The Cabinet today approved an amendment to a current law to allow for payment of an interim compensation in cheque dishonour cases with a view not to allow unscrupulous elements holding payments, pending long trial, sources said. An amendment to the Negotiable Instrument Act will allow a court to order for payment of an interim compensation to those whose cheques have bounced due to dishonouring parties, a move aimed at promoting a less cash economy. The amendment is likely to be introduced in the ongoing Winter Session of Parliament. Law Minister Ravi Shankar Prasad, while briefing the media about the Cabinet’s decisions, said amendment to Negotiable Instruments Act, 1881 has been approved. The minister, however, did not provide details about the proposed amendment. However, sources said the amendment would enable the court to order interim compensation to the payee of a cheque, a part of the cheque amount at the trial stage.

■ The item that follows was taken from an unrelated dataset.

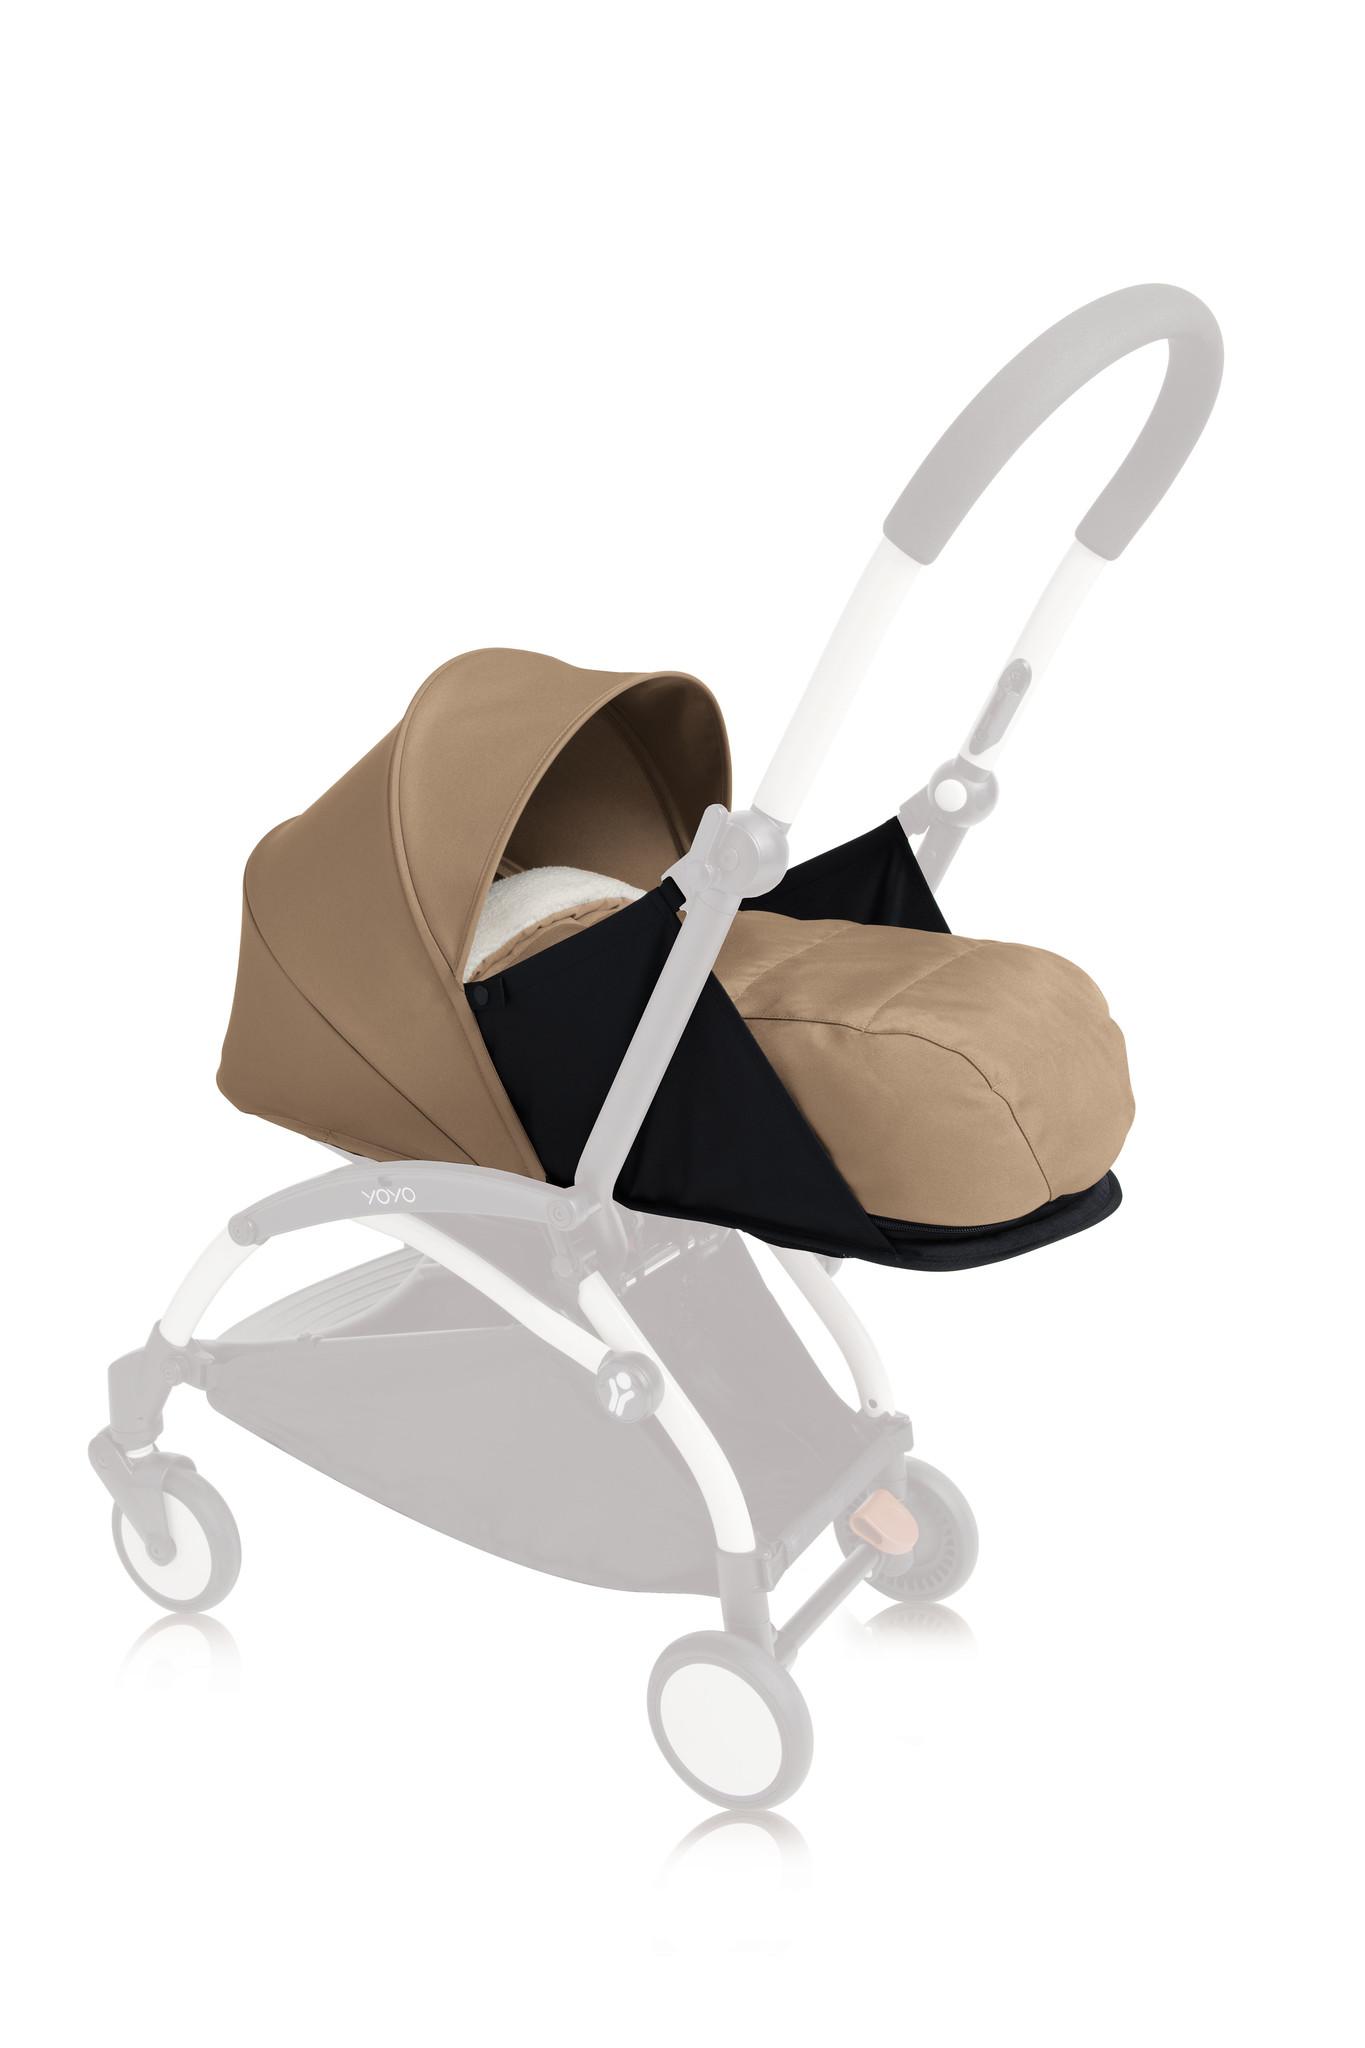 Babyzen Babyzen Yoyo 0+ Newborn Pack - Taupe 2020

If the drawer is acquitted, the court may direct the payee to repay the amount paid as interim compensation with interest, they said. Similarly, appellate courts would be enabled to order the appellant to deposit a part of the compensation awarded by the trial court at the time of filing appeal. The amendment has been proposed to help trade and commerce, particularly the MSME sector, and in order to increase the credibility of the cheque as a financial instrument, sources added. Dishonour of cheques due to inadequate funds in the account of the drawer of the cheque or for other reasons causes lot of distress in the trade, business and MSME sectors. Dishonouring of cheque causes incalculable loss and inconvenience to payees and “erodes the credibility” of cheques to a large extent.
The Cabinet, sources said, considered the proposal to amend the Negotiable Instruments Act to “address various representations” from the public as well as the trading community regarding the “injustice caused to payees” as a result of pendency of cheque dishonour cases. “The common themes in such representations are delay tactics by unscrupulous drawers of dishonoured cheques, relatively easy filing of appeals and obtaining stay on proceedings,” they said. A payee of a dishonoured cheque has to spend considerable time and resources in court proceedings to realise money due to him. The amendment is in line with the government’s push to make India a less cash economy.It is to be mentioned here that cheques are an integral part of the payments landscape, and form the backbone of trade and commerce, by being negotiable instruments.